If the agent gets stuck or produces bad output:

  1. Stop the current session
  2. Open a new session — fresh context, no confusion
  3. Type: /ralph-loop — the inProgress field ensures it picks up the same story

If a story is too complex:

  1. Manually edit prd.json: split the story into smaller stories
  2. Reset inProgress: false on the problematic story
  3. Open a new session and run /ralph-loop

7. Advanced Tips

Dedicated Branch per PRD

Before starting the loop:

git checkout -b feature/feature-name

All story commits land on a clean branch you can review, merge, or use for a PR.

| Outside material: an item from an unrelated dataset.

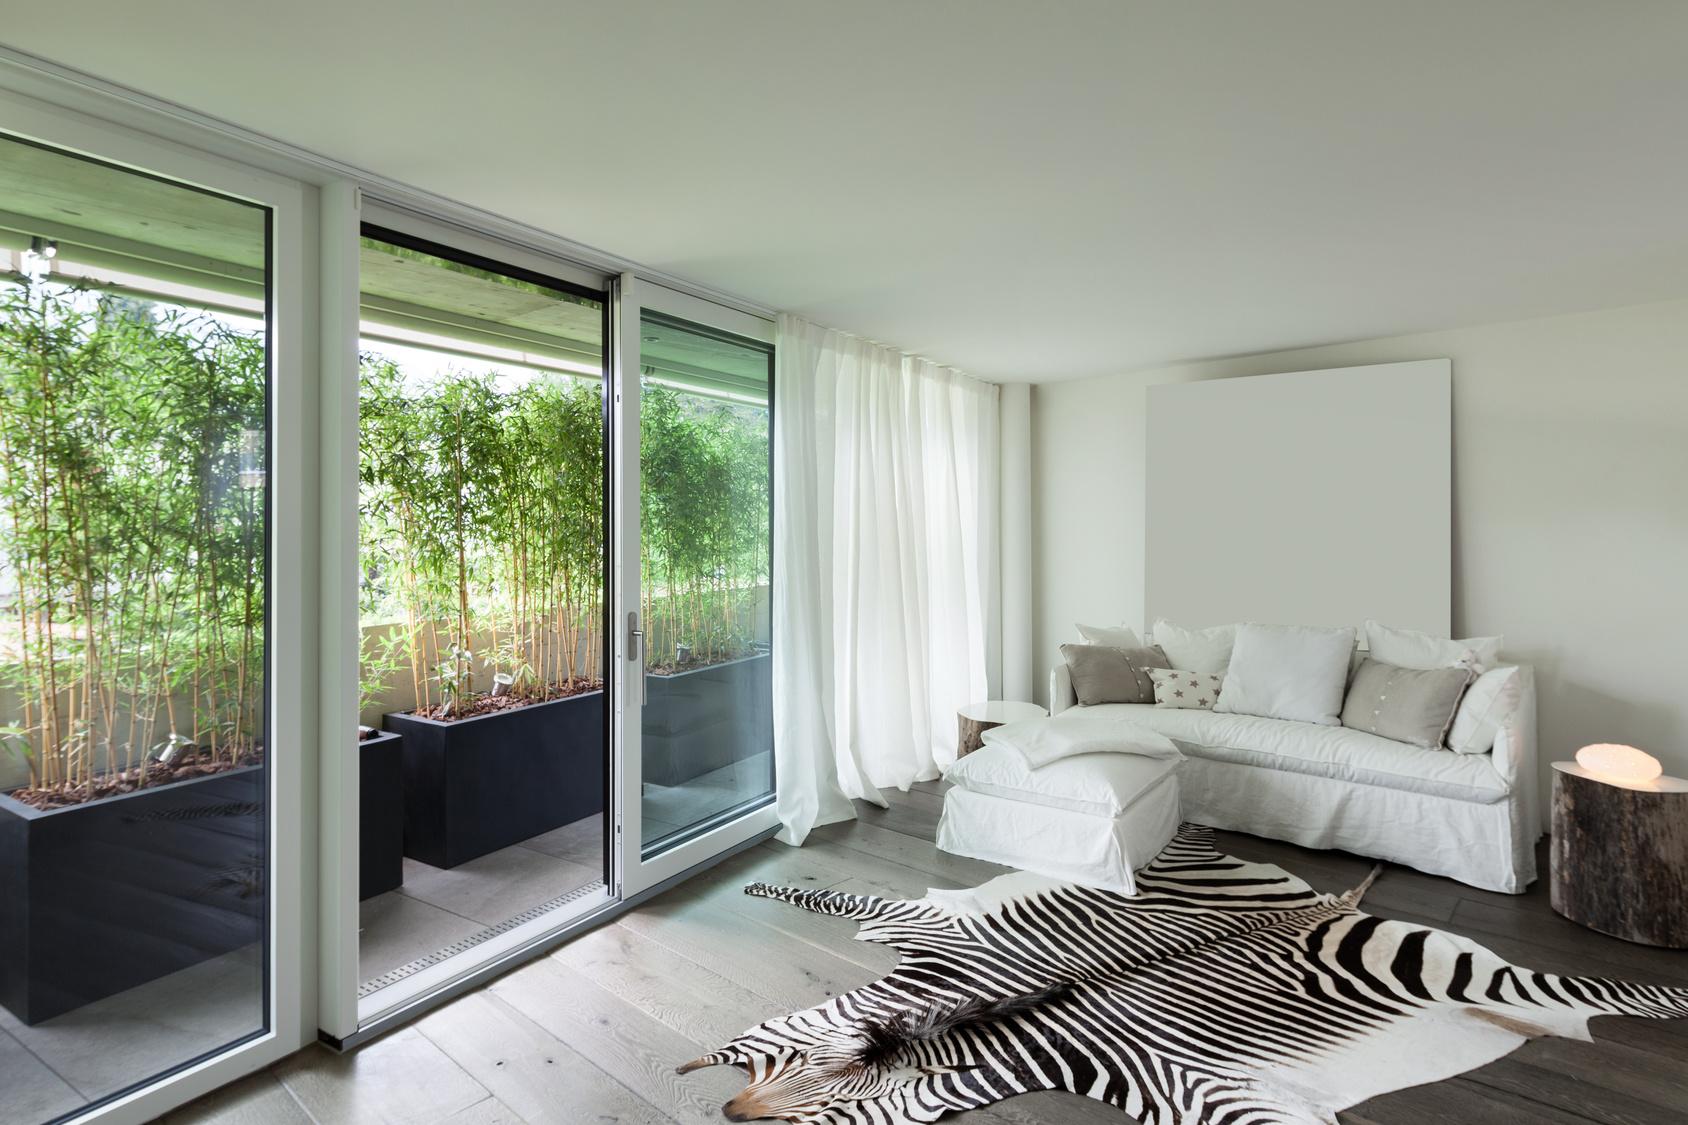 Decoración ideal passivhaus

Check Progress at a Glance

cat .ralph/prd.json | python3 -c "
import json, sys
prd = json.load(sys.stdin)
stories = prd['userStories']
done = sum(1 for s in stories if s['passes'])
print(f'{done}/{len(stories)} stories completed')
for s in stories:
    status = 'DONE' if s['passes'] else ('IN PROGRESS' if s['inProgress'] else 'TODO')
    print(f'  [{status}] {s[\"id\"]}: {s[\"title\"]}')
"

Resuming After an Interruption

The inProgress field handles this automatically. If you interrupt a session mid-work:

  1. The story stays with inProgress: true in prd.json
  2. On the next /ralph-loop invocation, the subagent finds it and resumes
  3. No manual intervention needed

Multi-PRD: Multiple Features in Parallel

For multiple concurrent features, use subdirectories:

.ralph/
├── auth-system/
│   ├── prd.md
│   ├── prd.json
│   └── progress.md
└── payments/
    ├── prd.md
    ├── prd.json
    └── progress.md

Update the paths in ralph-loop.md to point to the right subdirectory, or maintain separate subagent files per feature.

Tips to Maximize Quality

  1. Write a detailed prd.md — the more context you give, the better the output. Include patterns, conventions, reference files.
  2. Small, atomic stories — one story = one logical feature. If it feels too large, split it.
  3. Verifiable acceptance criteria — “the button works” is bad; “the button shows a confirmation dialog before deleting” is good.
  4. Run /verifier after each story — catches issues early, much cheaper to fix now than five stories later.
  5. Review each commit — a quick glance at the diff after each iteration keeps you in control.
  6. Update prd.md as needed — if the technical context changes mid-build, update it before the next iteration.